Class certification. For purposes of the class certification motion, the numerosity and commonality requirements of Federal Rule of Civil Procedure 23(a) were satisfied, according to the court. There were approximately 25,000 IPs throughout the United States. In addition, common questions clearly existed, specifically whether Caremark engaged in the alleged antitrust conspiracies, in the court's view. However, because the named plaintiffs failed to puton evidence that they received lower reimbursements, they could not show they suffered the same effect of the anticompetitive conspiracies they alleged. Thus, they failed the typicality requirement.
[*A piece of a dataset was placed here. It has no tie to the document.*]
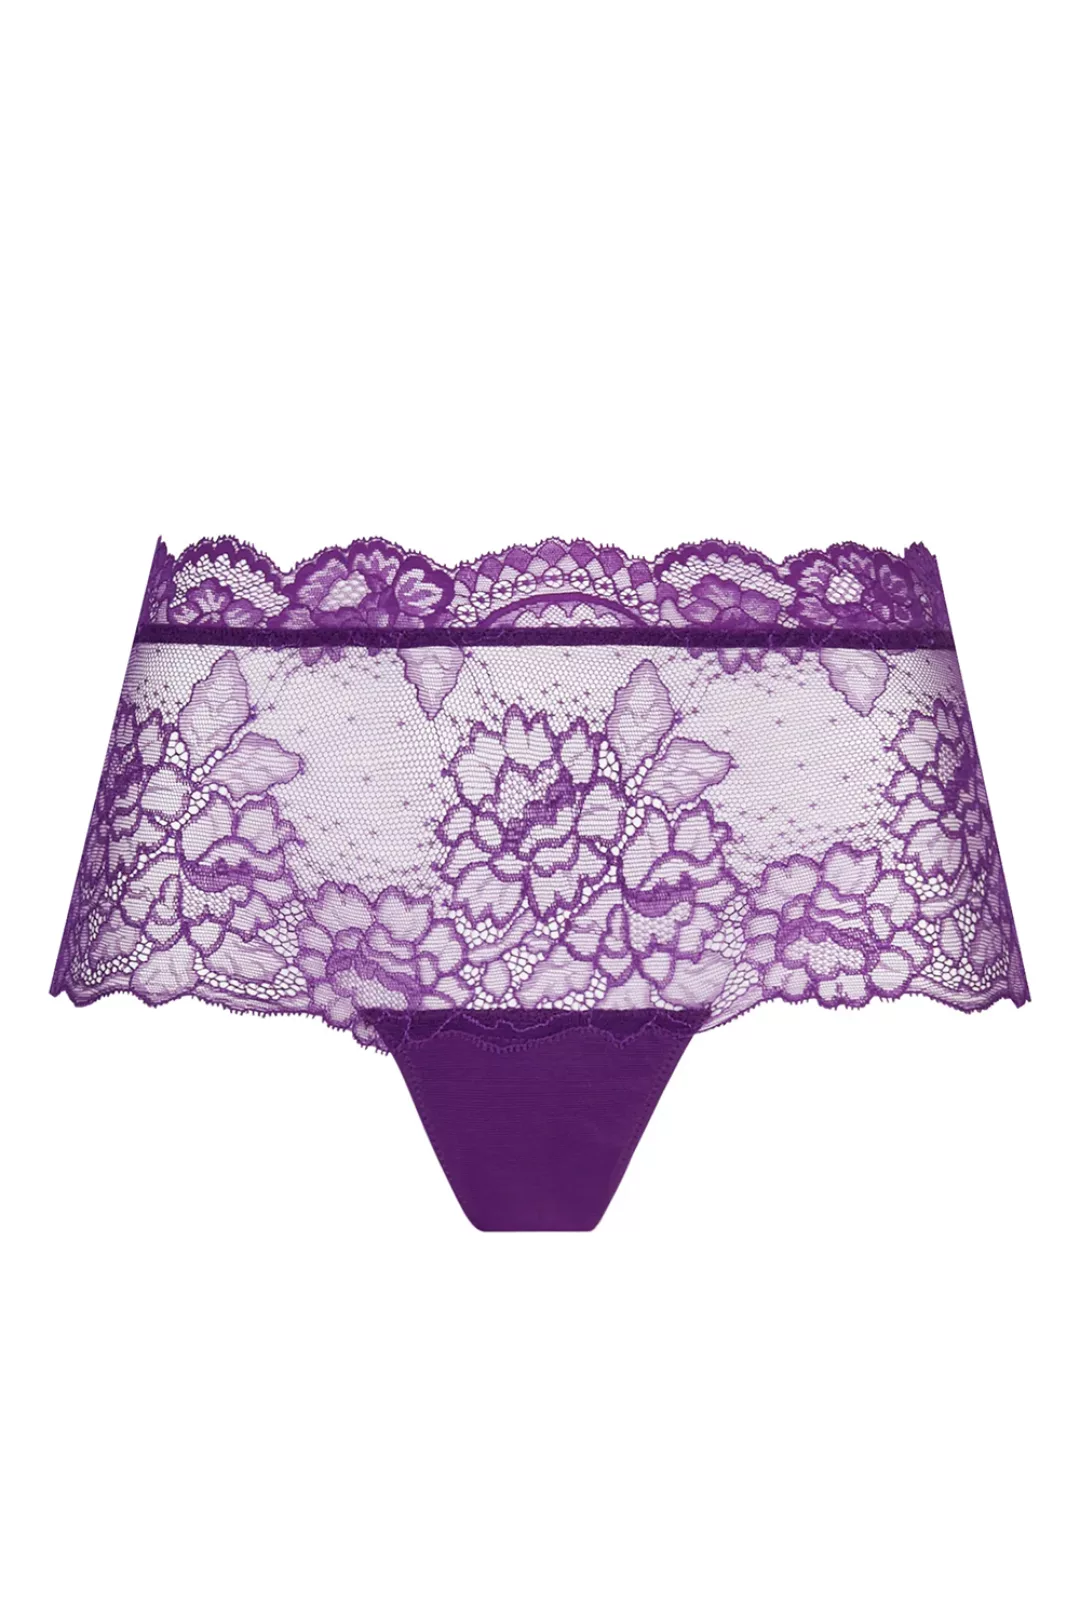 Lise Charmel Shorty Sublime en dentelle 44 violett günstig online kaufen

The adequacy requirement also was unsatisfied. The named plaintiffs had not demonstrated that they had individually suffered the type of antitrust injury that they alleged on behalf of the putative class. Thus, their interests diverged from other members of the proposed class who allegedly received lower reimbursements as a result of anticompetitive activity, the court explained.

As for Rule 23(b)(3), the court ruled that the proposed class was not "ascertainable" and rejected the plaintiffs’ argument that common questions could be proven through evidence that is common to the class rather than individual to its members. With respect to the predominance question, there was no actual evidence, common or otherwise, offered on the basic issue of whether a price fixing conspiracy existed. Moreover, the plaintiffs’ proposed damages model could not serve as common evidence of predominance, because the damages model did not matchup with their theories of liability as required by the U.S. Supreme Court’s 2013 decision in Comcast Corp. v. Behrend, according to the court. Lastly, the court concluded that the failure to satisfy the typicality and predominance elements established that class treatment was not a superior method of adjudicating the plaintiffs’ antitrust conspiracy claims.

Decertification. The court also decertified the class that was certified before the case became part of the MDL. The Alabama certification order was entitled to deference. However, the certification order had become deficient because federal class actions had become more challenging to certify in the intervening years. Based on current requirements, the certification record was found wanting in key respects by the court.

The case is No. 2:06-md-01782-CDJ.

Attorneys: H. Laddie Montague, Jr. (Berger & Montague PC) for Brady Enterprises, Inc. A. David Fawal (Beers Anderson Jackson Patty Van Heest & Fawal PC) and Andrew Allen (Whatley Drake & Kallas, LLC) for North Jackson Pharmacy, Inc. and C&C Inc. d/b/a Big C. Discount Drugs. Amy Neuhardt (Shearman and Sterling LLP) for Medco Health Solutions, Inc. Daniel M. Dockery (Williams & Connolly LLP) and Paul H. Saint-Antoine (Drinker, Biddle & Reath LLP) for Express Scripts Inc.

Companies: Brady Enterprises, Inc.; North Jackson Pharmacy, Inc.; C&C Inc. d/b/a Big C. Discount Drugs; Medco Health Solutions, Inc.; Express Scripts Inc.